DATA EXTRACT:
☆ ☆ ☆ ☆ ☆ ☆ ☆
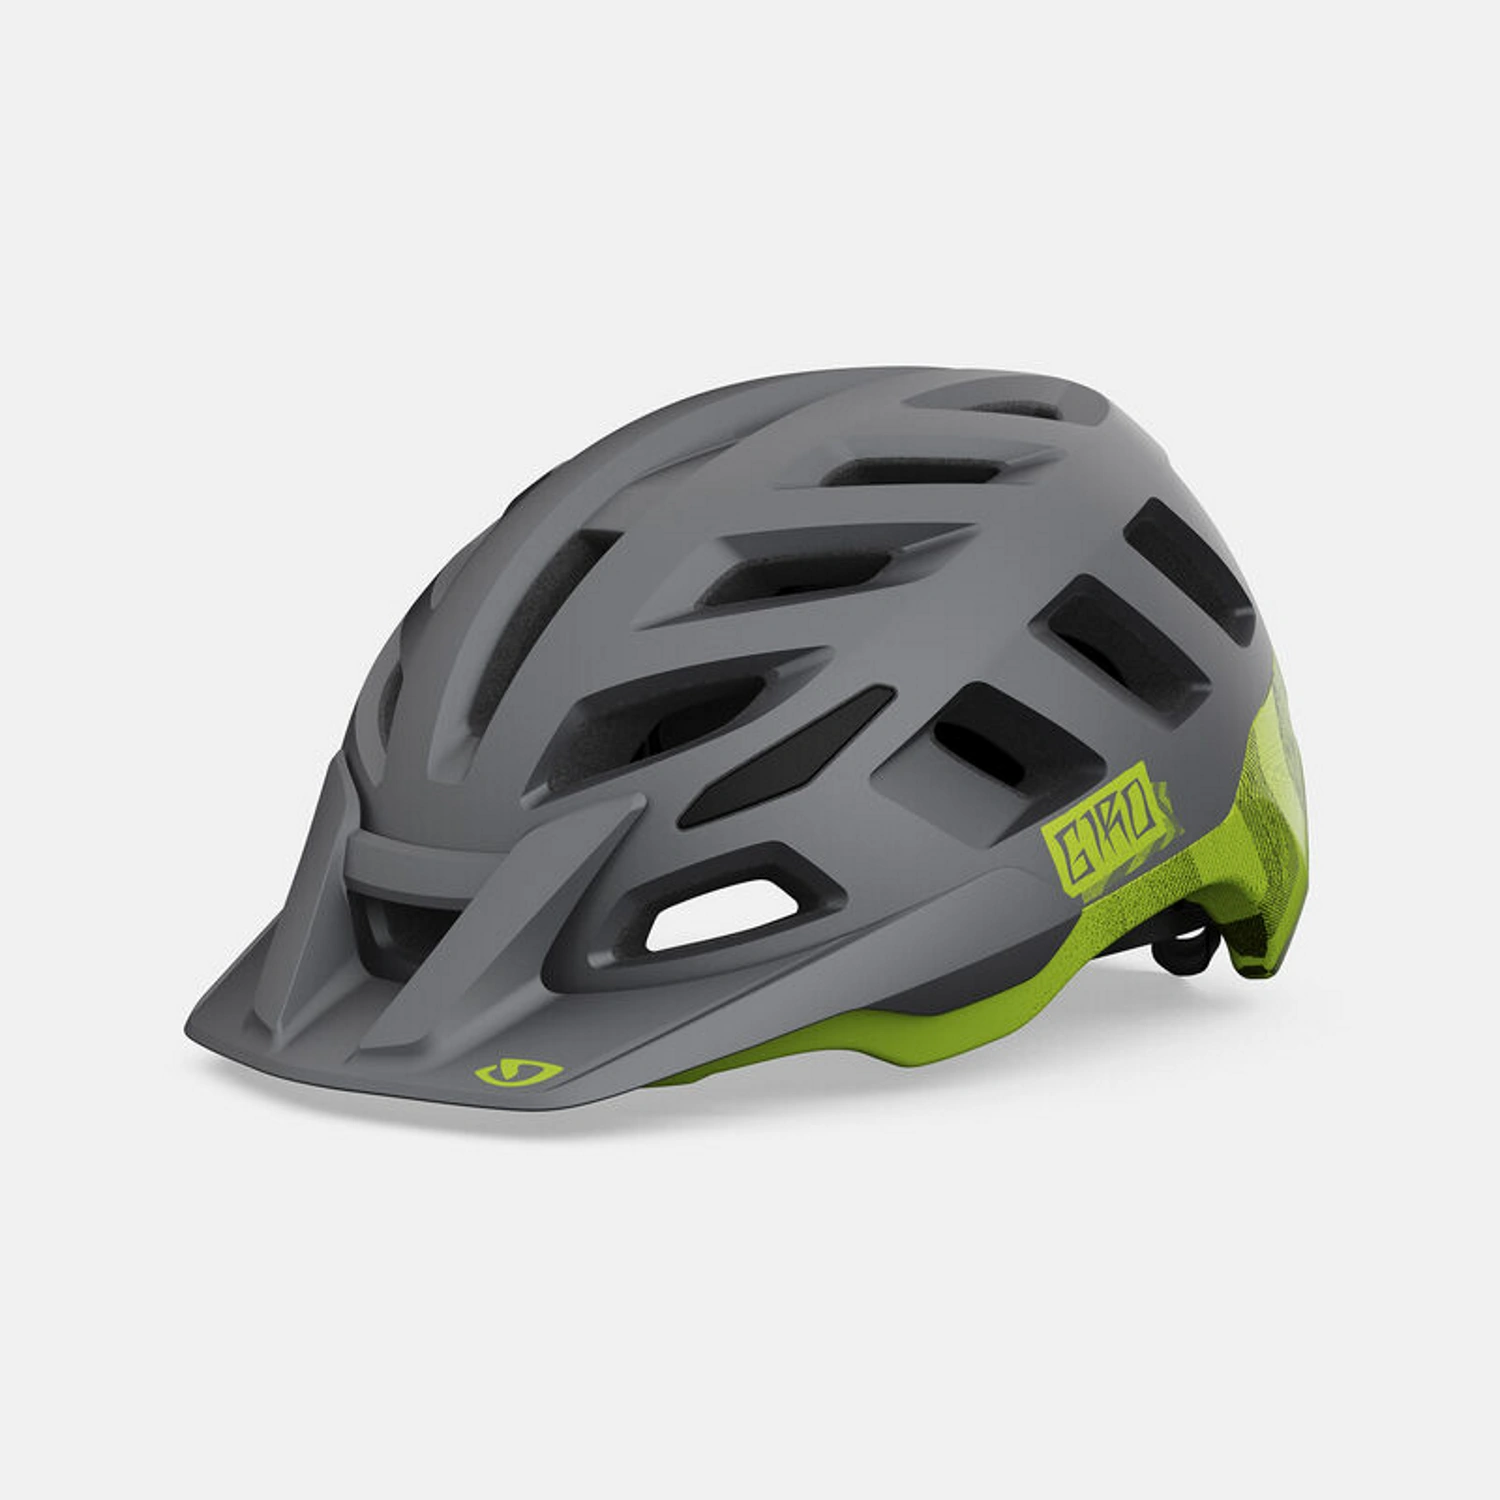 Kask rowerowy górski Giro, szary z zielonymi akcentami, przewiewny, z daszkiem
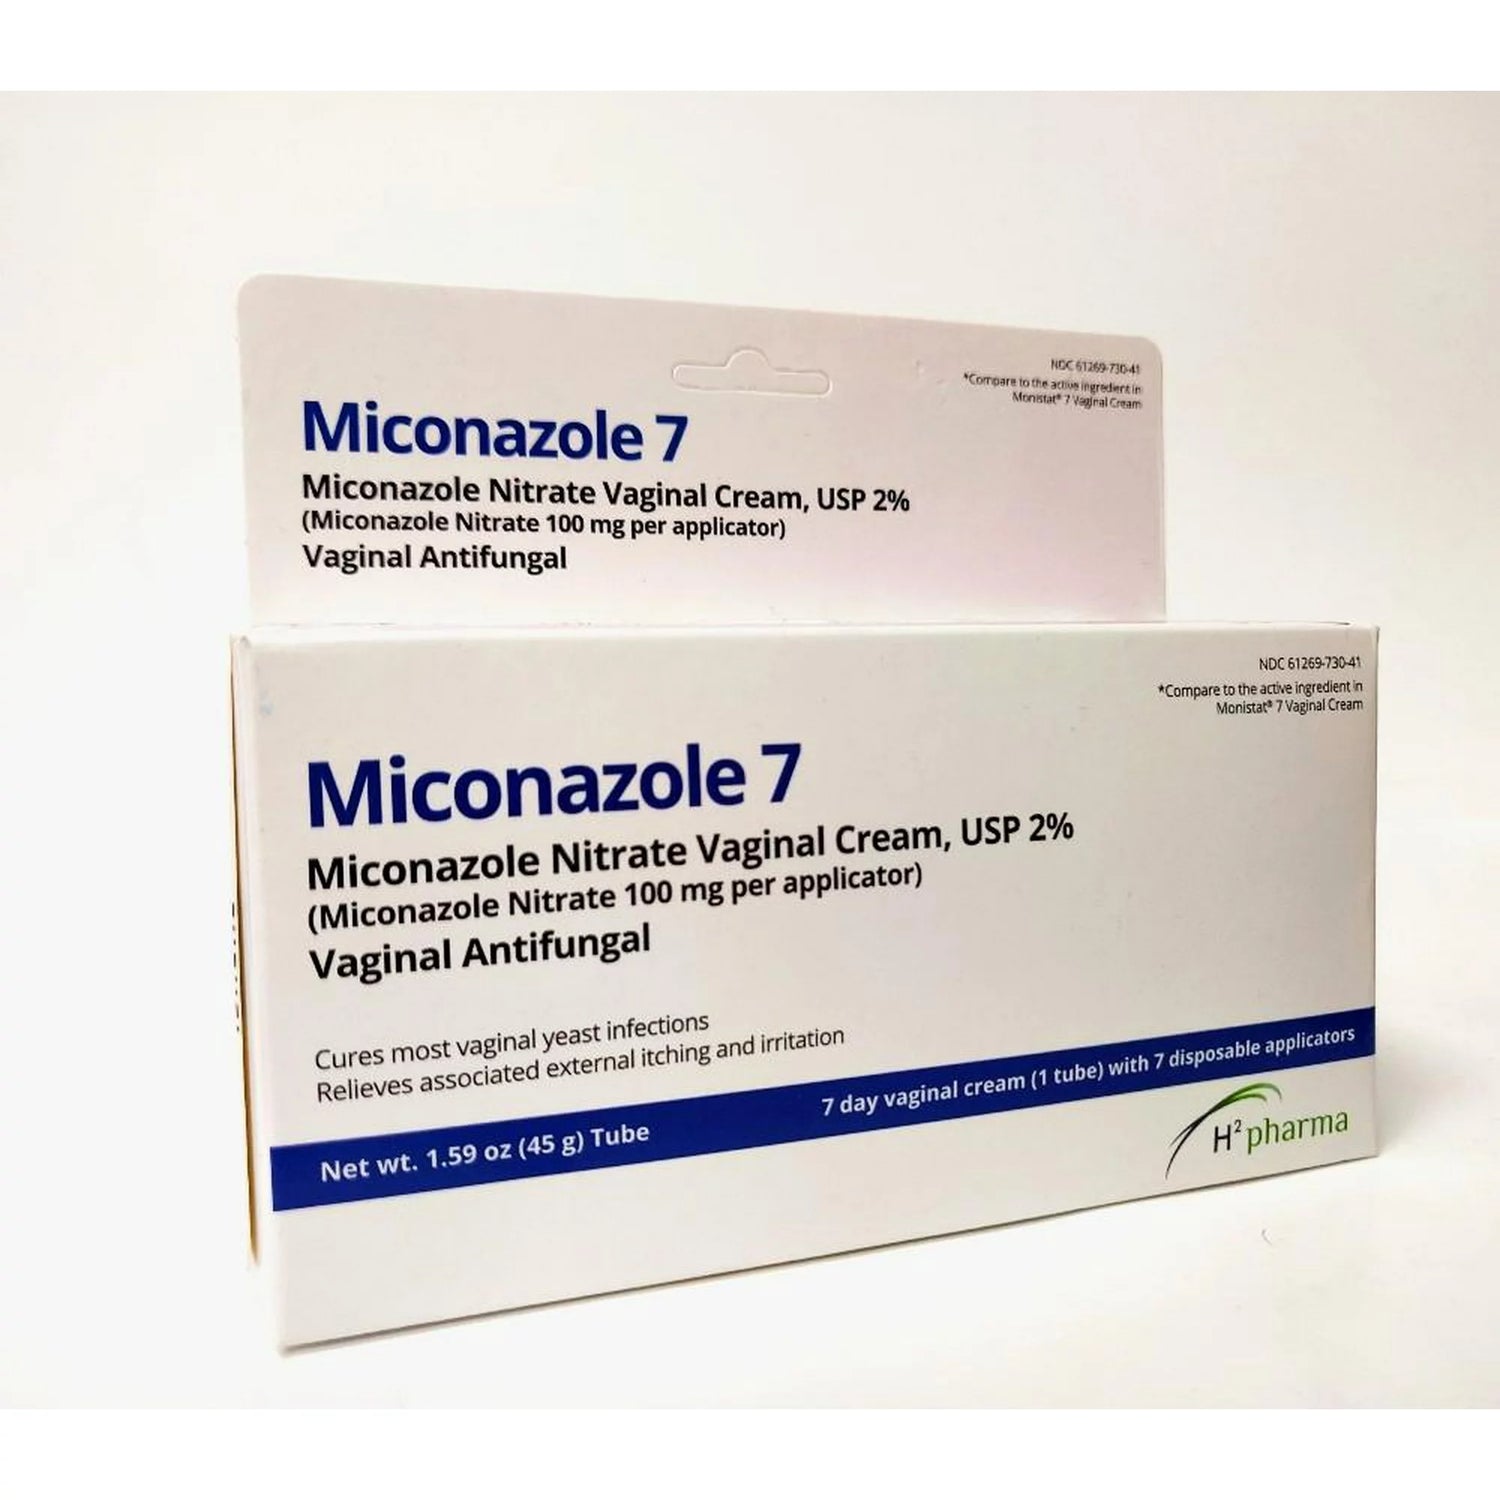 Miconazole 7 - Crema vaginal de nitrato de miconazol al 2%, tubo de 1.59 oz - Antimicótico para infecciones por hongos, alivia la picazón 
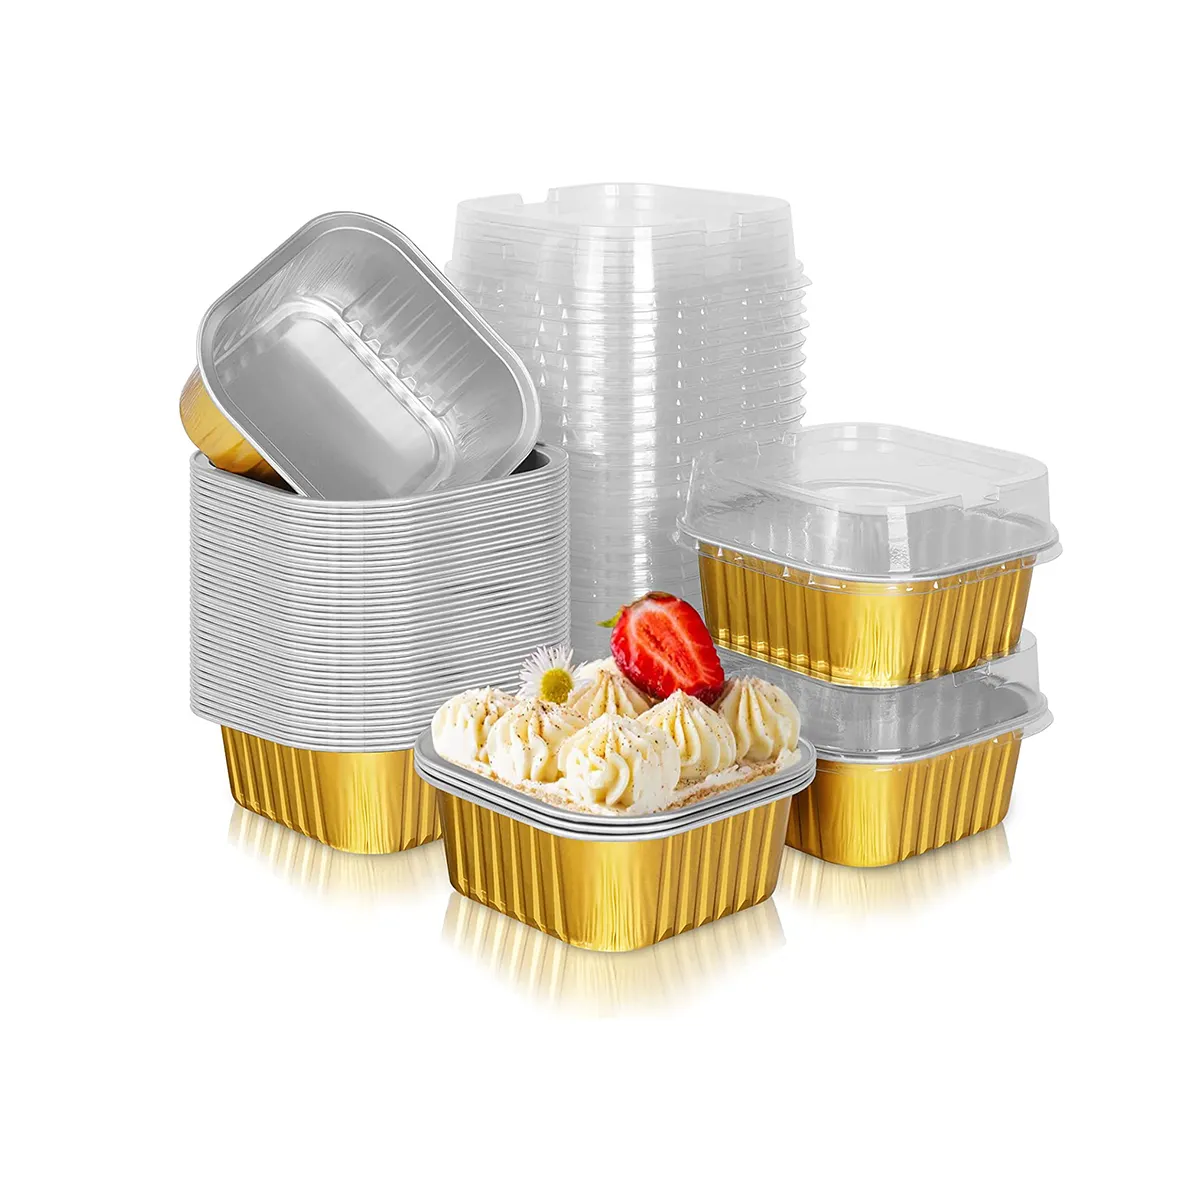 300ml Einweg-Folien behälter für Lebensmittel Verwenden Sie Aluminium Restaurant Take Away Box mit Deckel
☆ ☆ ☆ ☆ ☆ ☆ ☆
TASK ITEM: Print out the whole listing word for word. Leave the pictures out.

TASK RESULT:
 Kask rowerowy górski Giro, szary z zielonymi akcentami, przewiewny, z daszkiem
 Miconazole 7 - Crema vaginal de nitrato de miconazol al 2%, tubo de 1.59 oz - Antimicótico para infecciones por hongos, alivia la picazón 
 300ml Einweg-Folien behälter für Lebensmittel Verwenden Sie Aluminium Restaurant Take Away Box mit Deckel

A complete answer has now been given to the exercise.